Lesson 2: Simple harmonic motion (with calculus)

# Harmonic motion part 2 (calculus)

We test whether Acos(wt) can describe the motion of the mass on a spring by substituting into the differential equation F=-kx. Created by Sal Khan.

## Want to join the conversation?

• in some books its given x= A sin wt and in some books it is x= Acos(wt). which one is right or are both of them correct??
• The thing is, the only difference between the two is where you start. The function A sin wt is just the function A cos wt displaced by 90 degrees (graph it on a calculator, you'll see). So, both are right. It just depends on how you decide to graph it.
If you start the oscillation by compressing a spring some distance and then releasing it, then x = A cos wt, because at time t=0, x=A (A being whatever distance you compressed the spring). But if you start the oscillation by suddenly applying a force to the spring at rest and then letting it oscillate, at t=0, x must equal 0. So in that case, x = A sin wt (sin0 = 0)
• what is the purpose of omega in the equation?
x(t) = A cos(wt)
• The omega is a constant in the equation that stretches the cosine wave left and right (along the x axis), just as the A at the front of equation scales the cosine wave up and down. The bigger the omega, the more squashed the cosine wave showing the spring's position (and thus quicker the spring's movement).
• Why w=square root of k/m not plus or minus square root of k/m ?. Isn't angular velocity a vector
• angular velocity is a vector but w is a magnitude of it
• why x(t)= A*cos(omega*t)? and wat is 'T'?
• x(t) = A*cos(omega*t) represents the function of the SHM. and T is the time period of the SHM, that is the time taken by the system to complete on cycle.. from A to O and to -A and again to O and again to A.
• If I keep a block attached to a horizontal spring on the floor of an elevator going up with an acceleration ‘a’, and then displace the block slightly by stretching the spring-block system horizontally, will the time period of oscillation change as compared to the (T=2π√m/k)?
I don't think it should, because the time period depends on the horizontal force, and the elevator changes it in the vertical direction, but my friend asserts that it should change, though she can't explain why. Which of us, if either, is correct?
• Here is a simulation of a mass on a vertical spring
Go to the simulation and try it out. You can measure the period of oscillation by clicking on the box for "stopwatch". To measure the period, measure the time for 10 or 20 bounces and divide by 10 or 20.
Now look over on the right side and you will see that you can change gravity from that of Earth to that of Jupiter. Go ahead and do that and see if gravity makes a difference to the period.
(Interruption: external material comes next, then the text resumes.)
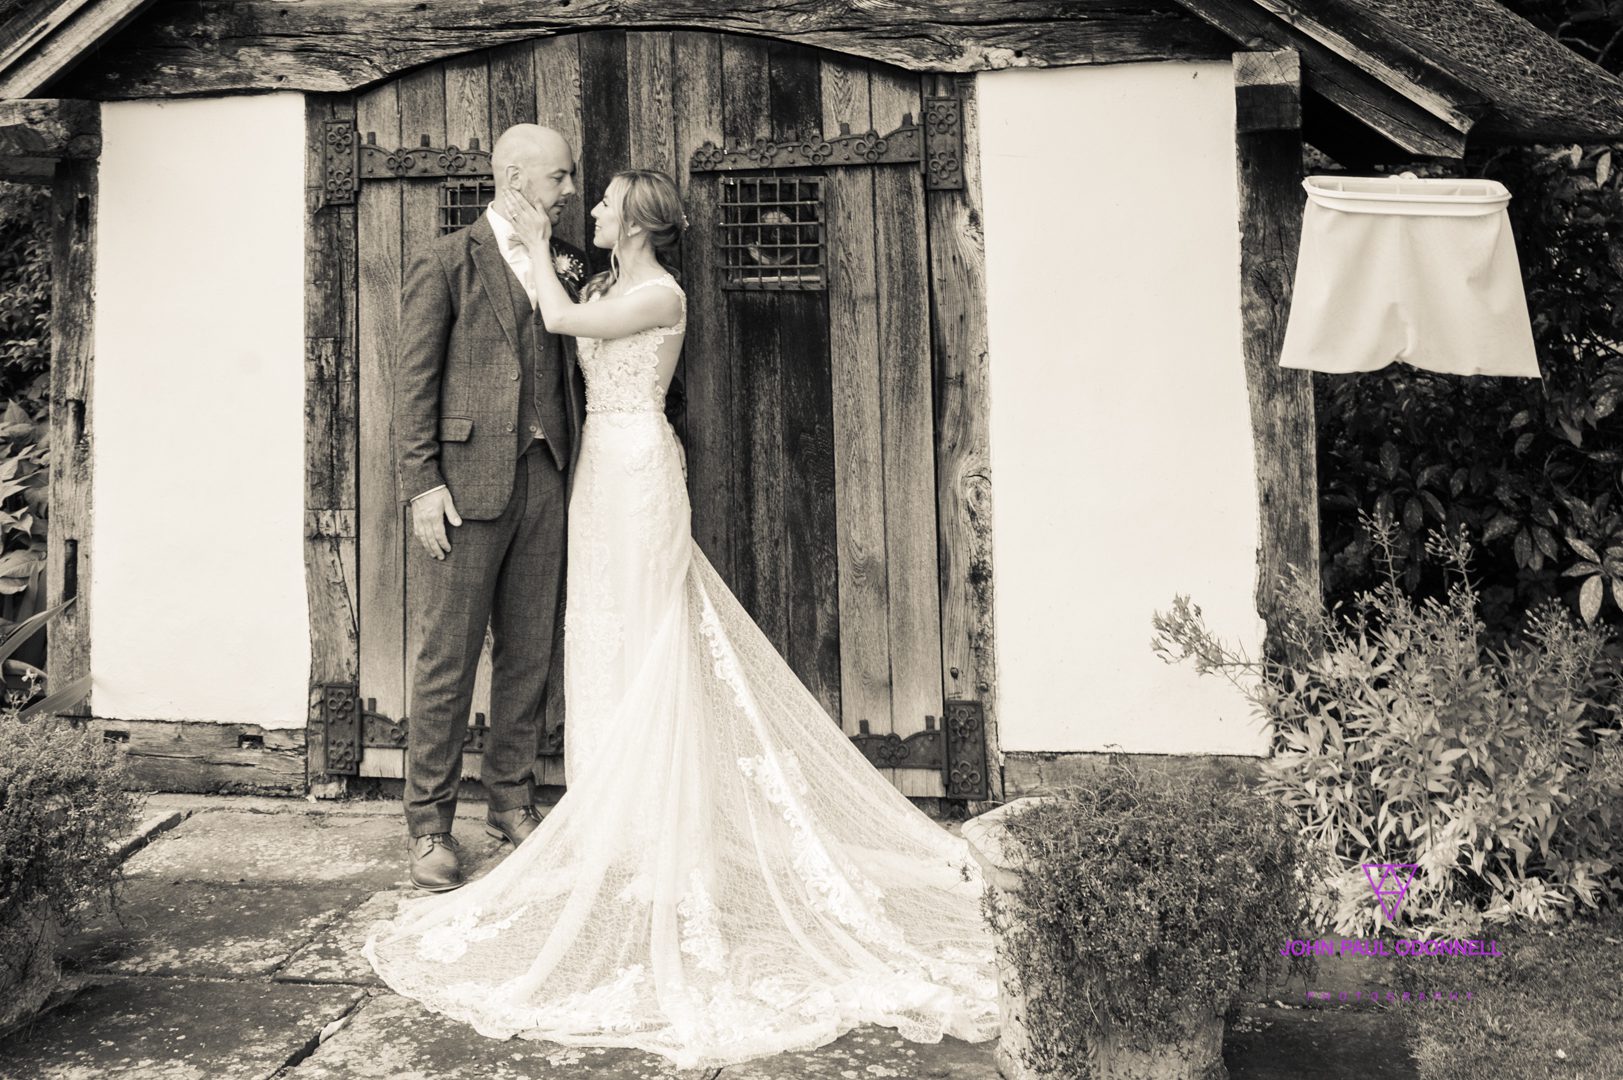 THE WEDDING OF CARLY AND CHRIS AT THE BARN AT ALSWICK

Now how does this apply to acceleration? When you are in an elevator accelerating up at a rate of a, that is exactly the same as if gravity increased from g to g+a. You can tell this by figuring out what your weight would be in the elevator - if you work it out you will see it will be m(g+a).

So if the period is the same on jupiter, that means it will also be the same in an accelerating elevator, and if it is different on jupiter, that means it will also be different in the elevator.

Once you know the answer by experiment, see if you can figure out why the answer is what it is.
• How would we solve a problem that is an oscillation but doesn't start where cos(wt) and sin(wt) start?
• That's a good question. The function would then be Asin(wt+k) where k is some constant.

If the graph is just shifted (horizontally) slightly, you add or subtract a constant that is equal to the amount by which it has been shifted on the x-axis.

When to add and when to subtract?
- Add when it is shifted to the left
- Subtract when it is shifted to the right

(1 vote)
• why acceleration= second derivative of the function x(t)?
(1 vote)
• Why do we have to take a double derivative?
• Because in the problem we are given the position of the particle. And it's known that if you differentiate the position of a particle (with respect to time), you get the velocity of the particle. You differentiate the result (the velocity of the particle) which then gives you the acceleration of the particle, which is why we have to take the double derivatie.
• at i understood with the differentiation of ω but why didn't the amplitude get squared?
(1 vote)
• The amplitude is just a constant. The ω was squared because it appeared inside of sin(ωt), and by the chain rule, (each time we differentiate a sin or cos) it falls out. It might be better if you saw the differentiation with and without A included in the original function:

f(t) = cos(ωt), f'(t) = -ω sin(ωt), f''(t) = -ω^2 cos(ωt).

Multiplying by a constant doesn't change the inner working of the derivative, so we just have:

x(t) = Acos(ωt), x'(t) = -Aω sin(ωt), x''(t) = -Aω^2 cos(ωt).

Hope this helped!